Requirement = For the data below, give again exactly the lines from the one containing "Gray Catbird Bird" through the one containing "Patent leather ballet", both ends included, and no others.

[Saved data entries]
..........

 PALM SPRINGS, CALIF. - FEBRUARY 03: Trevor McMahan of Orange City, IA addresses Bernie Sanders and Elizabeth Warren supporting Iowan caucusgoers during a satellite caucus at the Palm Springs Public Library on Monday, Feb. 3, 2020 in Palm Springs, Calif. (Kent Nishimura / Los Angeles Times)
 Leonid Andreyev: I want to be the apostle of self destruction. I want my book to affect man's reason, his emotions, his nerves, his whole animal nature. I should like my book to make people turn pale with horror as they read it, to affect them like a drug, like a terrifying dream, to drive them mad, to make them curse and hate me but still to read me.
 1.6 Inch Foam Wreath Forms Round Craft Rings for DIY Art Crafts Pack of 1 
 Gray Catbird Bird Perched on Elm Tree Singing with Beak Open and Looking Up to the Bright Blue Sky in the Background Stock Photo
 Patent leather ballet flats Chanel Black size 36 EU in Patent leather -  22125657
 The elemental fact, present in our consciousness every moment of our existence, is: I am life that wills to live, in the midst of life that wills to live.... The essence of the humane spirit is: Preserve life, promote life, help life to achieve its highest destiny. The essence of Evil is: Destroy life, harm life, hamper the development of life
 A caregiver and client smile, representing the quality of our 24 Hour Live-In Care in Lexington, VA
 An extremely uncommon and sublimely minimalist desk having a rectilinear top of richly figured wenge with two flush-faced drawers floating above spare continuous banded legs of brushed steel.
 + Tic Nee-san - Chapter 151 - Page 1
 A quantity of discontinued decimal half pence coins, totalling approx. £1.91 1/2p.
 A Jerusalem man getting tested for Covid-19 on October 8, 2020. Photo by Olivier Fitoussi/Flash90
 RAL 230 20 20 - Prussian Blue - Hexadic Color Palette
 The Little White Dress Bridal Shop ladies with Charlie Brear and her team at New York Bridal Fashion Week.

..........

Your response =
 Gray Catbird Bird Perched on Elm Tree Singing with Beak Open and Looking Up to the Bright Blue Sky in the Background Stock Photo
 Patent leather ballet flats Chanel Black size 36 EU in Patent leather -  22125657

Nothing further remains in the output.